Dr. SPERTZEL. You could get a hold of a few key individuals. And unfortunately in biology, I can't tell you who was head of that program. We knowingly did not ever talk to that person. It may have been somebody we talked to, but we didn't know it.

Mr. SPRATT. Here is one thing that concerns me, Dr. Kay. I also posed this question earlier. I have this fear that other members

have expressed that we send young men and women into Iraq and Saddam Hussein, knowing that the jig is up, unleashes with full fury his chemical and biological weapons on them early on, not when he is in a corner but early on to try and daunt their invasion. If we could one last time get in, is there some possibility that we might find caches of these weapons if we have this kind of charter, that could at least diminish, if not eradicate his ability to counterattack with these weapons when we send our young men and women in?
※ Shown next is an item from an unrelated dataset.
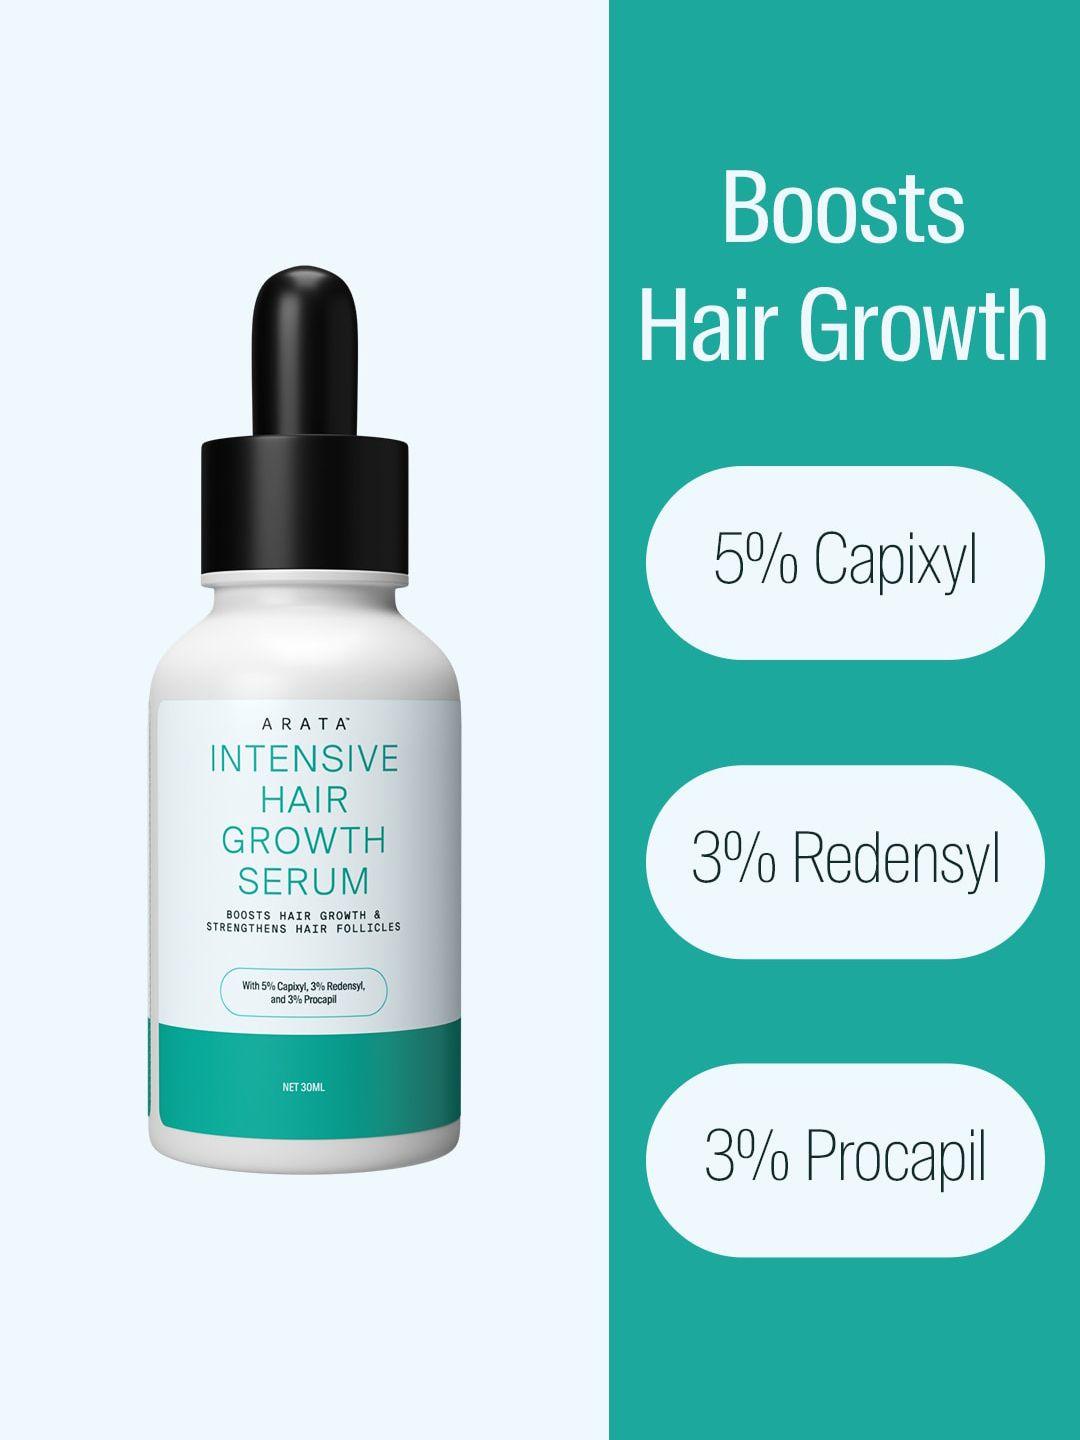 arata intensive hair growth serum with 5% capixyl+3% redensyl+3% procapil - 30 ml

Dr. KAY. You can certainly get lucky. I had inspections that got lucky and found things that the Iraqis thought we wouldn't find and found them. Let me give you an example that describes the difficulty of conducting inspections and moving with security people. UNSCOM during its total history from 1991 to 1998, conducted 280 inspections. This doesn't count monitoring visits, but actual inspections.

Mr. SPRATT. That means facilities, sites?
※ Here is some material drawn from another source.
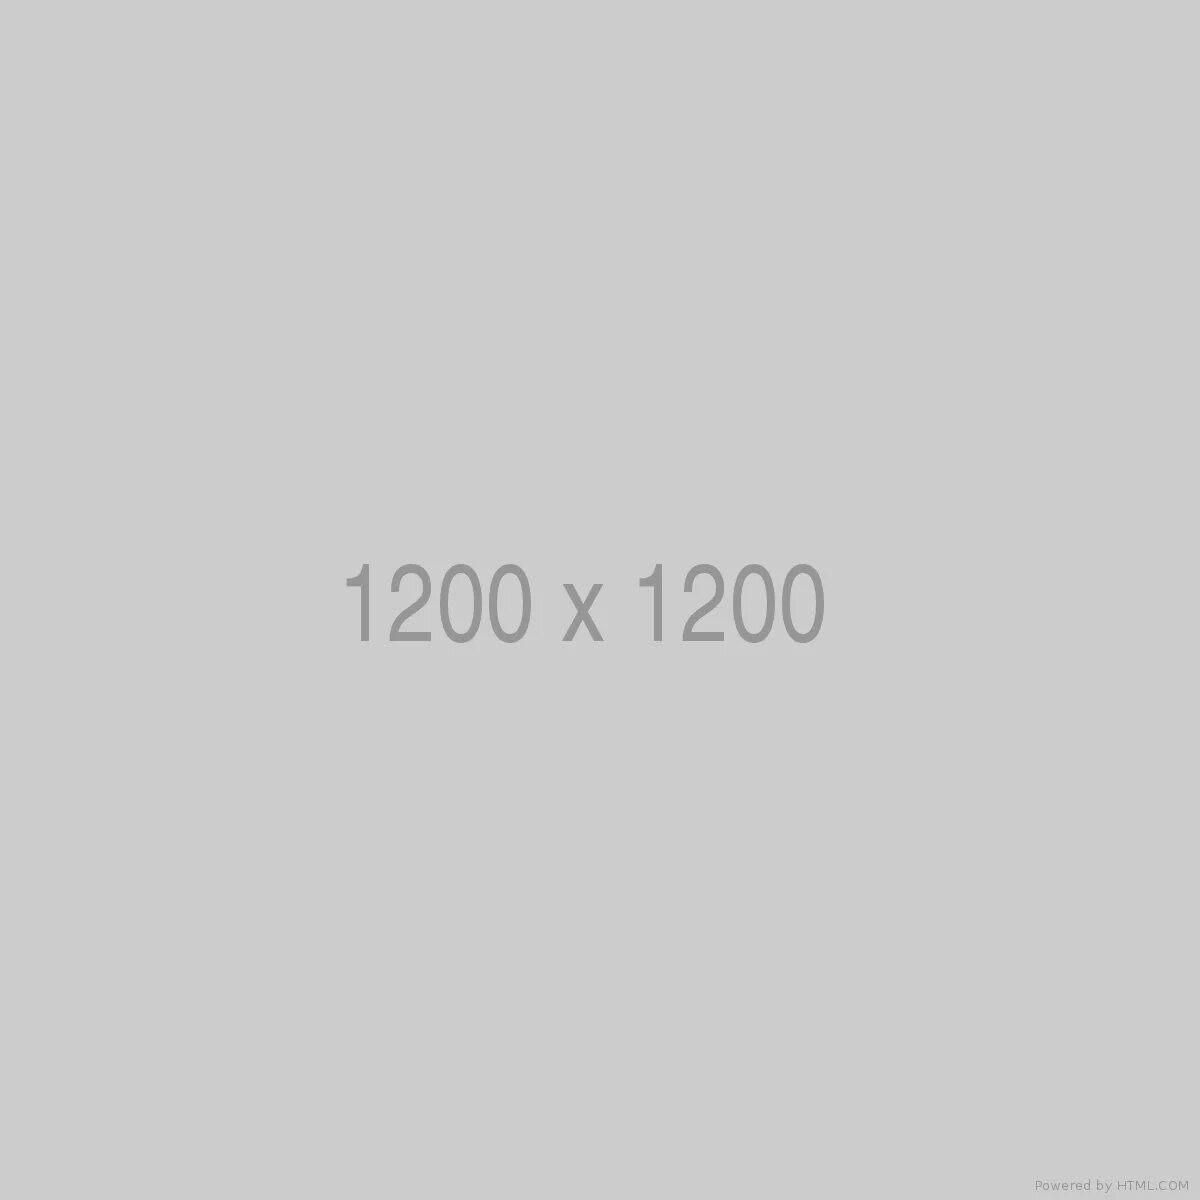 200 10 64. 200 На 200. 200 На 200 пикселей. Изображение 200x200. 200x200 картинки.

Dr. KAY. Facilities, sites, vary from large to small. Of those 280 and we recently have done a reanalysis of those, less than half a dozen were genuine surprises. The Iraqis penetrated where we were going, either through human intelligence (HUMINT), inadequate communication security on the part of the teams, various means, and actually greeted us at those sites-actually fewer. The first surprise inspection that was a genuine surprise I conducted, I had six people that knew where we were going, only six. The rest of the team, it was "trust me, you are with me." That was a genuine surprise because no one talked and we went to really fantastic lengths to keep a secret. If I have got to move around with-I mean I can't imagine moving around with a thousand security personnel. The issue of keeping that a secret and them not knowing where you are going strikes me as just impossible. The number might be useful if you get there and they say "no." But the issue is, if they know where you are going-and Dick Spertzel described it very well-if they know where you are going you can bet when you get there what you want is not going to be there. They have perfected over 11 years a deception, denial, concealment program based on mobility, prior knowledge, and quick movement. We made them better than they were in 1991.

So that is why you are getting this pessimism. Would it be worth it if you could accomplish reducing the threat somewhat, getting more evidence that was physical that would convince allies to join you? I understand all those reasons. And my skepticism is, if your objective is to eliminate the WMD program, I don't see it useful. It may well serve other purposes, although I would not underestimate the difficulty of doing that.

Mr. SPRATT. The likelihood of accidentally finding it, if you look at what allegedly Iraq had done with their biological weaponssome of them were stored in a hole in the ground at the end of a dirt runway covered with a tarpaulin and then unearthed. Others were buried in pits, along the Tigris Canal, again covered with tarpaulin and sand. Others were inside railroad tunnels no longer being used for trains. The likelihood of inspectors finding those without good intelligence information that says they are there is somewhere between nil and none. It is just not going to happen.